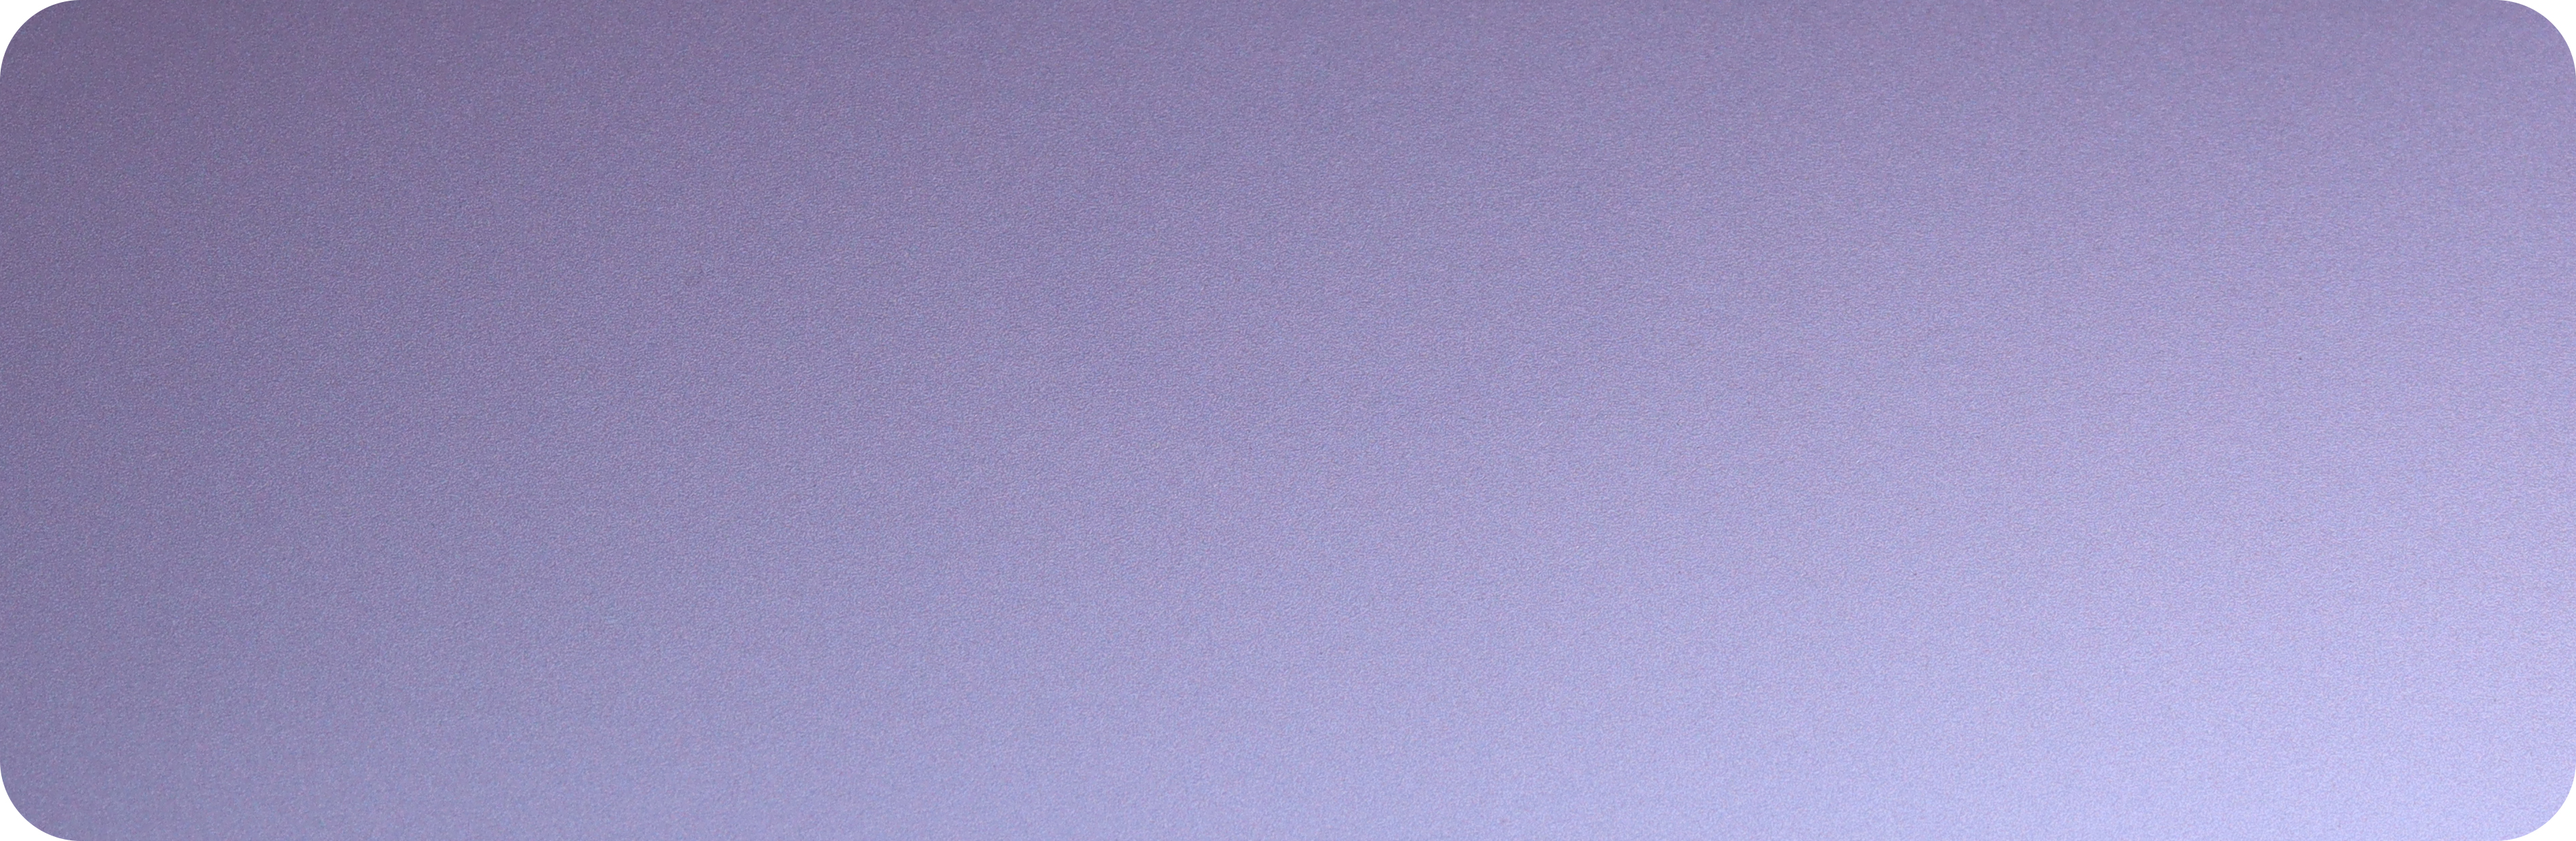 9.TPU星黛紫-TPU-xingdai purpura
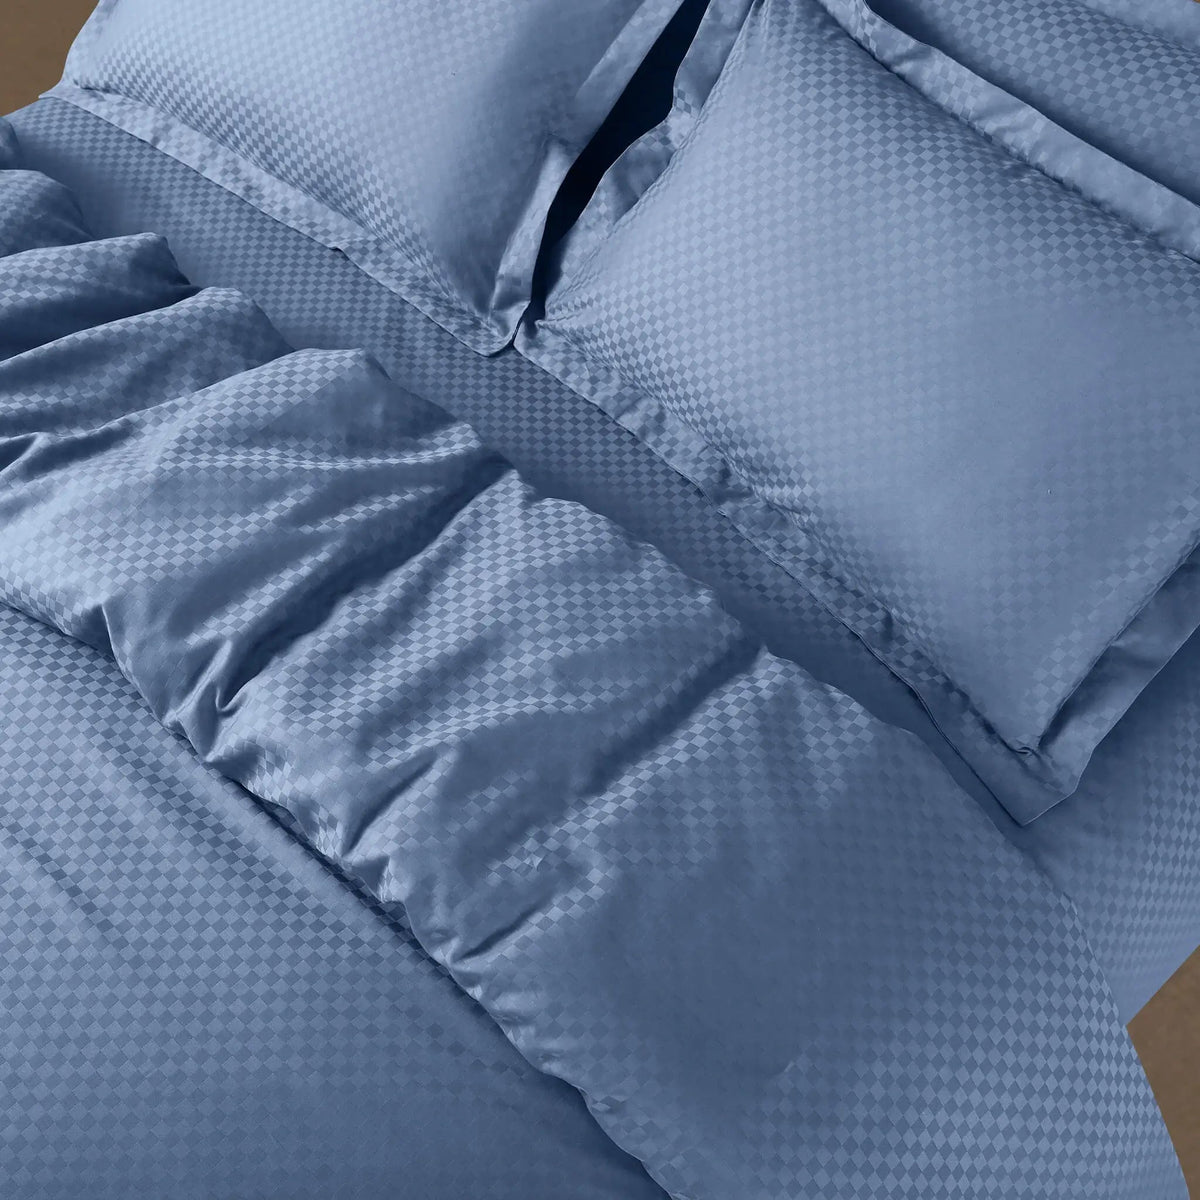 Malako Lyon Jacquard Blue Checks 450 TC 100% Cotton King Size Bed Sheet - MALAKO
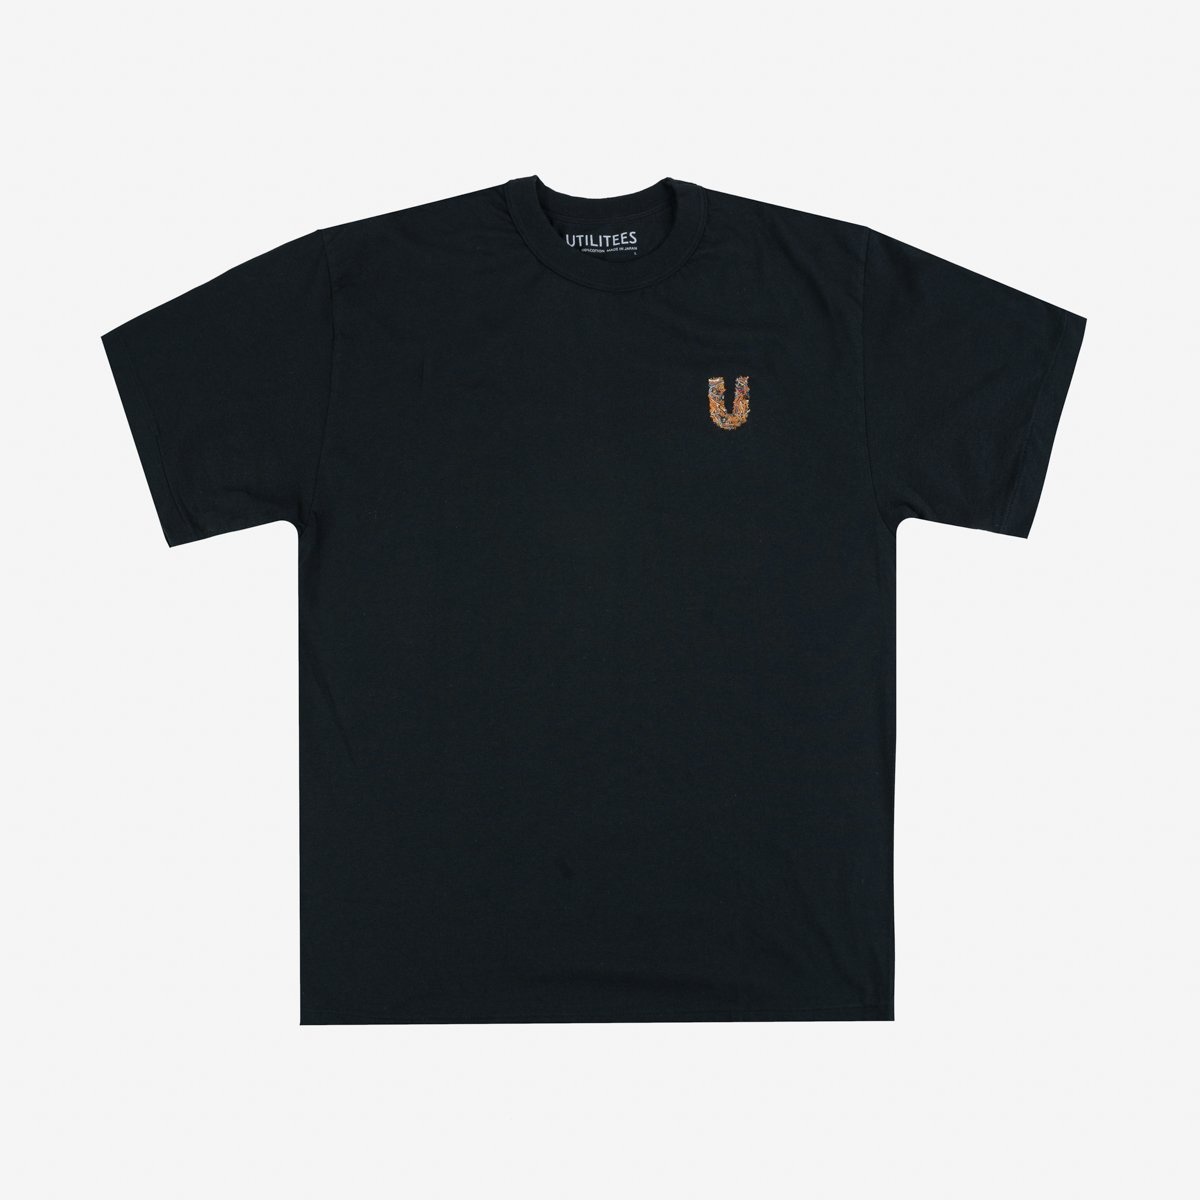 UTIL-ITO UTILITEES - 5.5oz Loopwheel Crew Neck T-Shirt - Black "Itokuzu" - 1

__________________________________________________

What the exercise asks:
Return the listing unchanged, but drop every picture.

Answer section:
 9.TPU星黛紫-TPU-xingdai purpura
 Malako Lyon Jacquard Blue Checks 450 TC 100% Cotton King Size Bed Sheet - MALAKO
 UTIL-ITO UTILITEES - 5.5oz Loopwheel Crew Neck T-Shirt - Black "Itokuzu" - 1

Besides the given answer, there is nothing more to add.